Extend Production Tax Credits for Nuclear Power in Absence of CEPP

Passing the Build Back Better (BBB) bill without the Clean Electricity Performance Program (CEPP) risks premature retirement of 20% of current US nuclear reactors, jeopardizing emissions reductions goals. To avoid this the US should extend the production tax credit (PTC) for existing nuclear reactors in the BBB from 5 years to 10 years to fill in the gap.

There is a growing consensus that rapidly reducing emissions in the US electricity sector will require keeping existing nuclear reactors open. This both avoids “treadmill decarbonization” where new clean energy sources simply replace existing ones rather than reducing fossil fuel use, and creates a larger supply of clean firm generation that energy models suggest is essential to reducing the costs of electricity sector decarbonization.

The CEPP provided a strong incentive for utilities to keep existing nuclear power plants open. Closing an existing nuclear plant under CEPP would prevent utilities from earning $150 per MWh subsidies from installing new clean energy until they made up the gap from the closure, and would impose an additional $40 per MWh penalty on the reduced clean energy generation.

As CEPP does not start until 2023, the House included a 5-year PTC of up to $15 per MWh to bridge the gap between the bill's passage and the start of CEPP to prevent existing reactors from closing in the interim.
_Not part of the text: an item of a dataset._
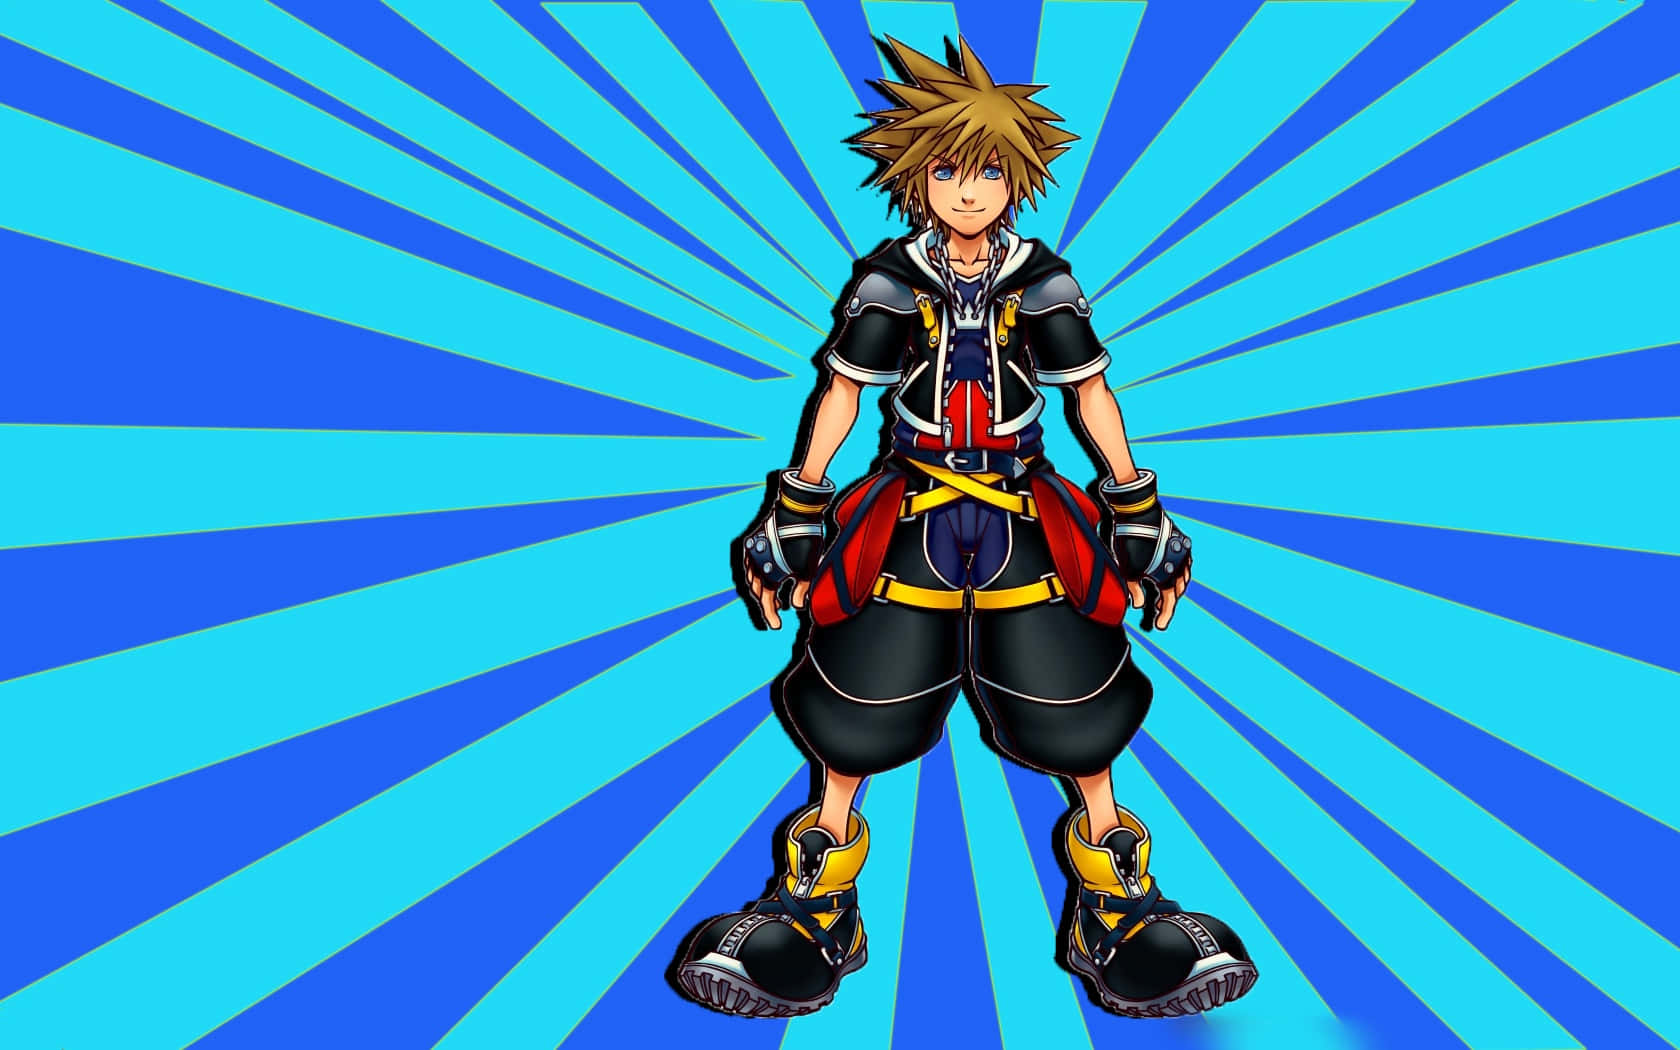 "You are not alone in your journey through Kingdom Hearts."

Now that the CEPP seems unlikely to be included in the final bill, there will be little support for existing nuclear or incentives for utilities to not remove existing clean energy after 2025; this is particularly problematic given that the generous production tax credits for renewable energy in BBB would put existing clean energy from nuclear at a competitive disadvantage.

According to new modeling results from the Princeton University Zero Lab, the passage of the BBB with CEPP would effectively stop US nuclear retirements over the next decade. In contrast, passing BBB without CEPP would result in 20% of all existing US nuclear generation retiring between 2025 and 2030, as shown in the figure below.

Cutting CEPP from the bill with no replacement results in around 160 TWh of nuclear – or 3.5% of all US electricity generation – prematurely retiring. While a large portion of this is replaced by other clean energy sources in the Princeton model, this means that the additional clean energy is replacing nuclear rather than fossil fuels, resulting in additional CO2 emissions of up to 75 million metric tons per year in 2030 compared to a scenario where these reactors remained open. It also reduces the US’s supply of always-on clean firm generation that will be increasingly critical as the power sector transitions away from fossil fuels.

Thankfully there is a relatively easy way to avoid this outcome. Rather than the 5-year PTC for existing nuclear in the BBB intended to bridge the gap until the CEPP came into effect, Congress could extend the nuclear PTC for the full 10-year period covered by the bill. While this would not be identical to the mechanism in the CEPP – it would incentivize utilities for keeping existing reactors open rather than penalizing them for closing – the net effect would likely be similar.

The civil nuclear credit program that is part of the bipartisan infrastructure package also provides some support to existing nuclear plants, but it is designed as a stop-gap grant program to help the plants most at risk of failing. However, as designed it would be too slow and cumbersome of a process to scale up compared to the PTC.

Decarbonizing the US electricity sector requires both preserving the clean energy we have and accelerating the rate of new clean energy deployments. The original BBB bill wisely incentivized utilities to keep existing nuclear reactors open; there is a real risk that in removing CEPP from the bill Congress will unintentionally accelerate the closure of the US nuclear fleet. An extension of the existing nuclear PTC is a simple fix, and one with relatively modest costs.